Transthyretin amyloid cardiomyopathy (ATTR-CM) is a complex and serious form of heart failure caused by the accumulation of transthyretin amyloid protein in the heart muscle. Variable symptoms of ATTR-CM can lead to a delayed diagnosis. Recognizing the diagnostic indicators is crucial to promptly detect this condition. A targeted literature review was conducted to examine the latest international consensus recommendations on a comprehensive diagnosis of ATTR-CM. Additionally, a panel consisting of nuclear medicine expert consultants (n = 10) and nuclear imaging technicians (n = 2) convened virtually from the Kingdom of Saudi Arabia (KSA) to formulate best practices for ATTR-CM diagnosis. The panel reached a consensus on a standard diagnostic pathway for ATTR-CM, which commences by evaluating the presence of clinical red flags and initiating a cardiac workup to assess the patient’s echocardiogram. Cardiac magnetic resonance imaging may be needed, in uncertain cases. When there is a high suspicion of ATTR-CM, patients undergo nuclear scintigraphy and hematologic tests to rule out primary or light-chain amyloidosis. The expert panel emphasized that implementing best practices will support healthcare professionals in KSA to improve their ability to detect and diagnose ATTR-CM more accurately and promptly. Diagnosing ATTR-CM accurately and early can reduce morbidity and mortality rates through appropriate treatment.

1. Introduction

Amyloidosis is a rare disease that occurs when amyloid proteins accumulate in organs and tissues of the body. The human heart is frequently impacted by two distinct types of amyloid proteins: the primary or light-chain (AL) and the transthyretin (TTR) amyloidosis proteins [1]. Amyloid fibrils accumulating in the myocardium can lead to heart failure due to infiltrative cardiomyopathy [2,3]. Most patients with TTR amyloidosis have cardiac involvement. TTR is synthesized by the liver and is present in both serum and cerebrospinal fluid. One of its primary functions is to act as a carrier protein for two essential compounds: retinol (vitamin A) and thyroxine (T4) [4,5]. Under normal physiological conditions, TTR is present in the bloodstream in the form of a tetramer that comprises four monomers with beta-sheet rich structures. Changes in the protein’s structure can cause it to lose its tetrameric shape and misfold. As a result, the misfolded TTR can accumulate in different organs of the body and lead to amyloid diseases, such as transthyretin amyloid cardiomyopathy (ATTR-CM) [6]. Invariably, the accumulation of the amyloid protein in various organs of the body can cause other diseases that may hint at the presence of cardiac amyloidosis. Conditions such as carpal tunnel syndrome, lumbar spinal stenosis, bicep tendon rupture, and polyneuropathy affecting the autonomic or sensory systems are associated with amyloidosis [7].
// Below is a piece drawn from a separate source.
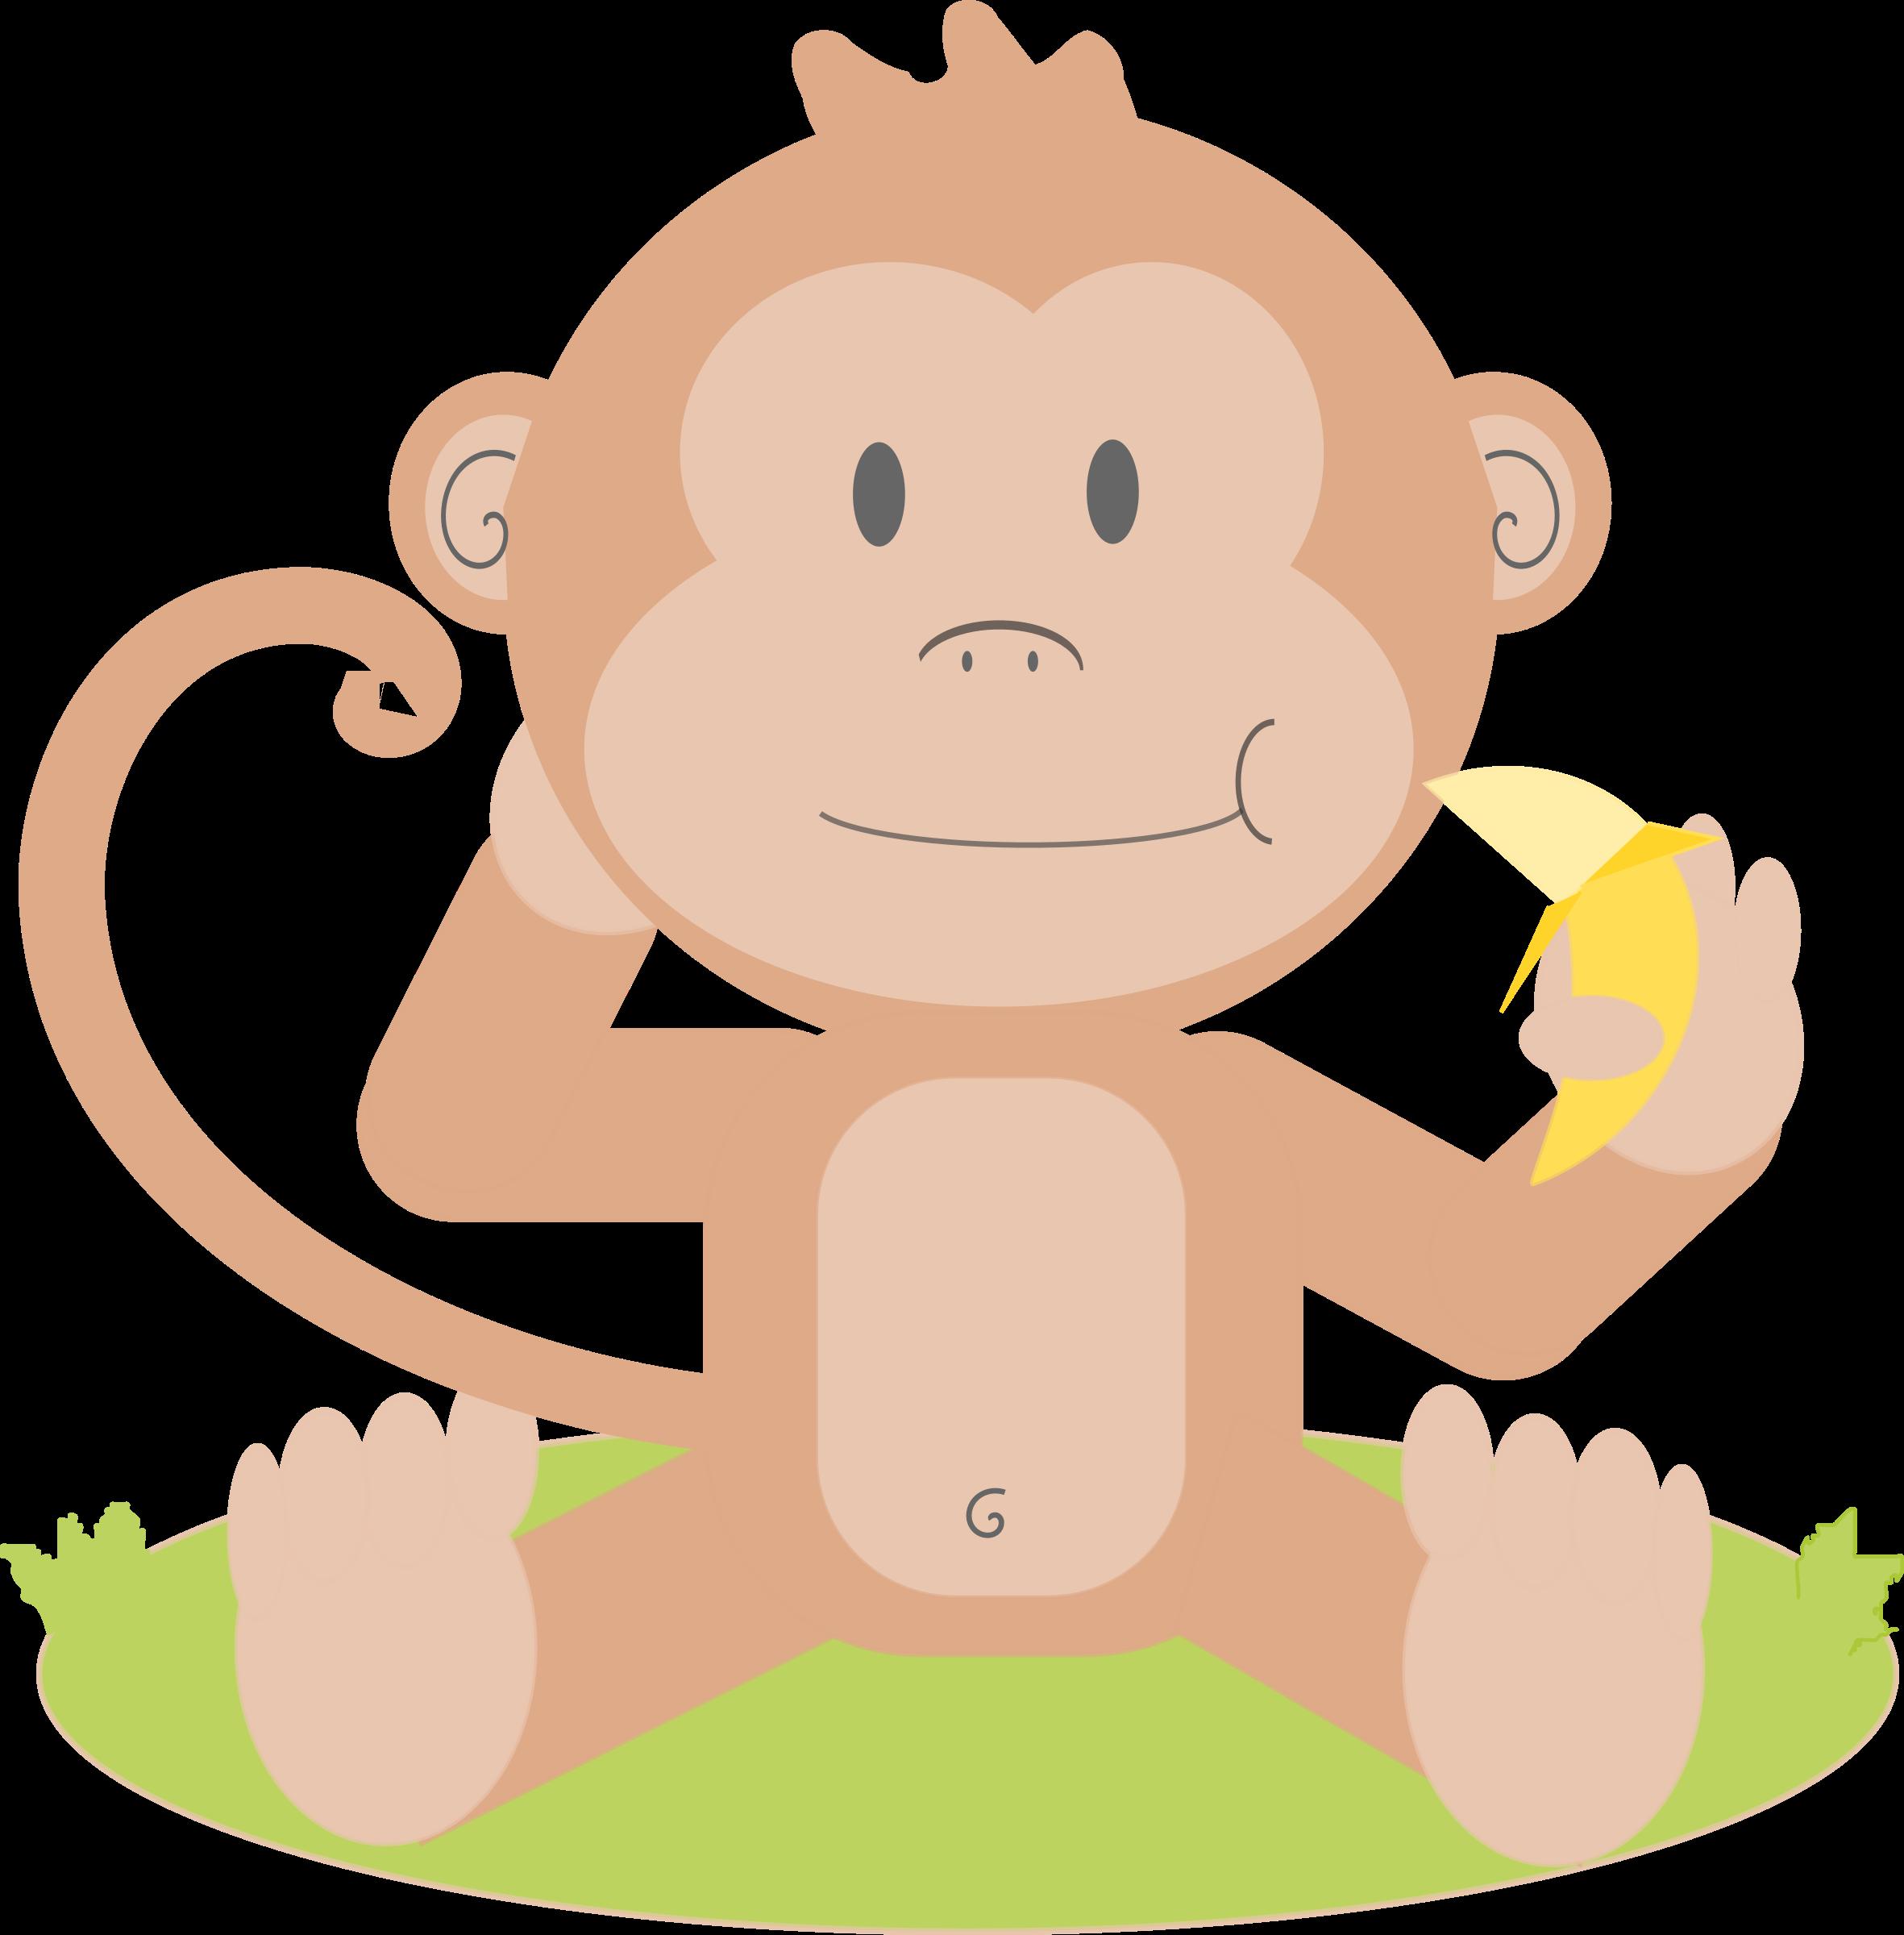 Elephant monkey

ATTR-CM is classified into two types: hereditary (hATTR-CM) and wild-type (wtATTR-CM). hATTR-CM is a genetic disorder caused by a mutation in the transthyretin gene. On the other hand, wtATTR-CM is a condition that occurs due to aging. In both forms, the transthyretin protein becomes structurally unstable, leading to its accumulation in the heart [8]. The onset of hATTR-CM can occur in people in their 50s to 60s, whereas wtATTR-CM typically develops in older individuals, usually in their late 70s to 80s [8]. The detection of ATTR-CM has frequently been overlooked or delayed because of inadequate diagnostic methods [9].
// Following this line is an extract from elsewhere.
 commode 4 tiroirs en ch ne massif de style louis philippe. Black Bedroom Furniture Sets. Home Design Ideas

The diagnostic methods and clinical management strategies of cardiac amyloidosis have undergone significant and impactful changes in the last decade. Previously considered rare due to delayed diagnosis, recent non-biopsy diagnostic advancements have raised awareness of ATTR-CM. In screened patient cohorts, ATTR-CM has been detected in 16% of severe aortic stenosis cases and 13% of heart failure with preserved ejection fraction (HFpEF) cases [10,11]. In France, the incidence of new cases of ATTR-CM increased from 0.6/100,000 person-years in 2011 to 3.6/100,000 person-years in 2019 [12]. Currently, ATTR-CM affects approximately 3 in 10,000 people in Europe [13]. In the United States, an estimated 5000–7000 new cases are diagnosed annually [8].
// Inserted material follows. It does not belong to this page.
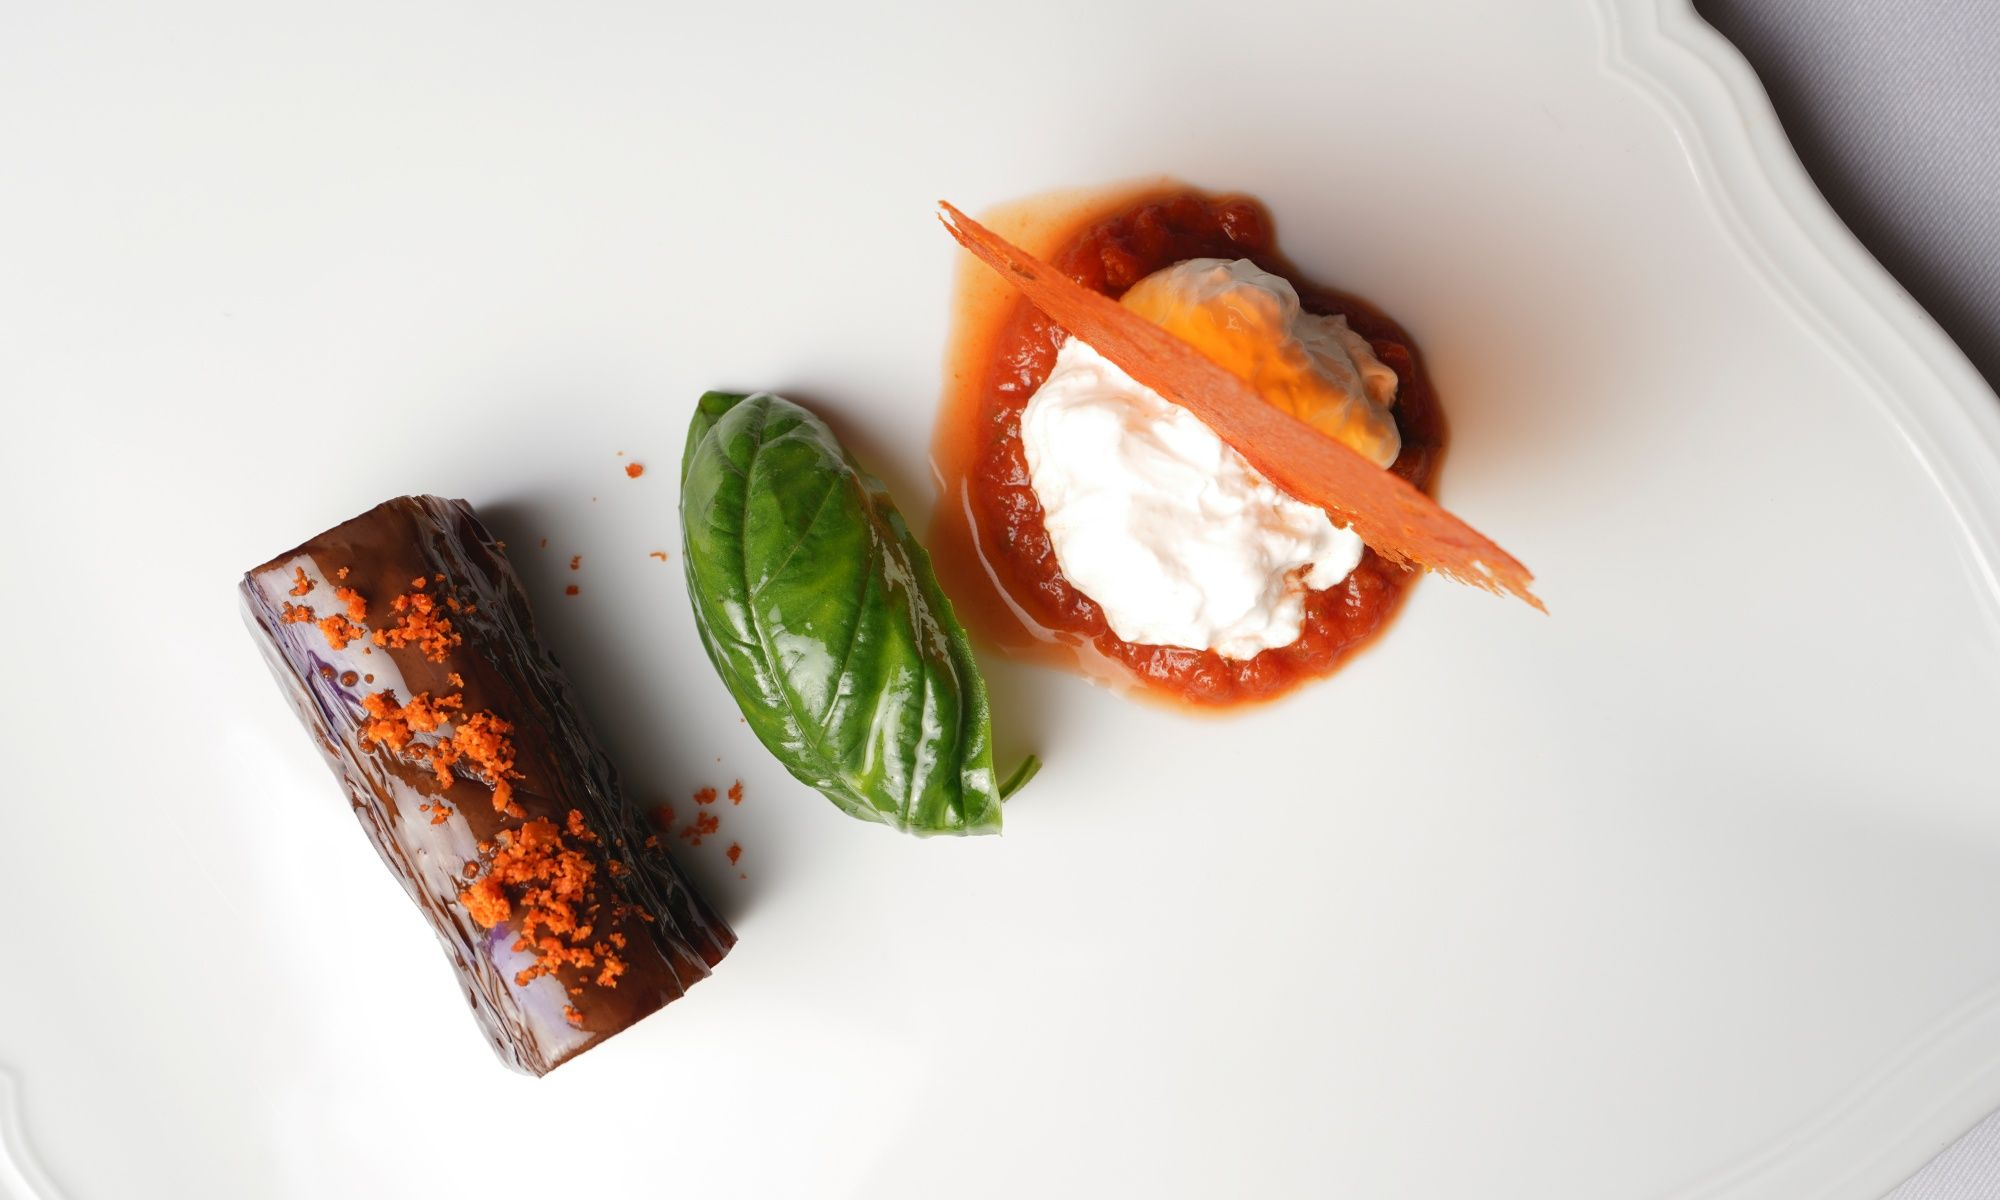 Castellana Launches New Seasonal Vegetarian Menu

Despite the progress made in non-invasive diagnostic techniques, identifying cardiac amyloidosis remains a challenging task. Typically, it entails multiple hospital visits and consultations with over five different medical specialties, resulting in an average delay of 8 months in reaching a cardiac amyloidosis diagnosis [14]. This extended timeframe is in part due to the condition’s multi-system effects and the fact that many treating physicians have a low level of suspicion regarding it.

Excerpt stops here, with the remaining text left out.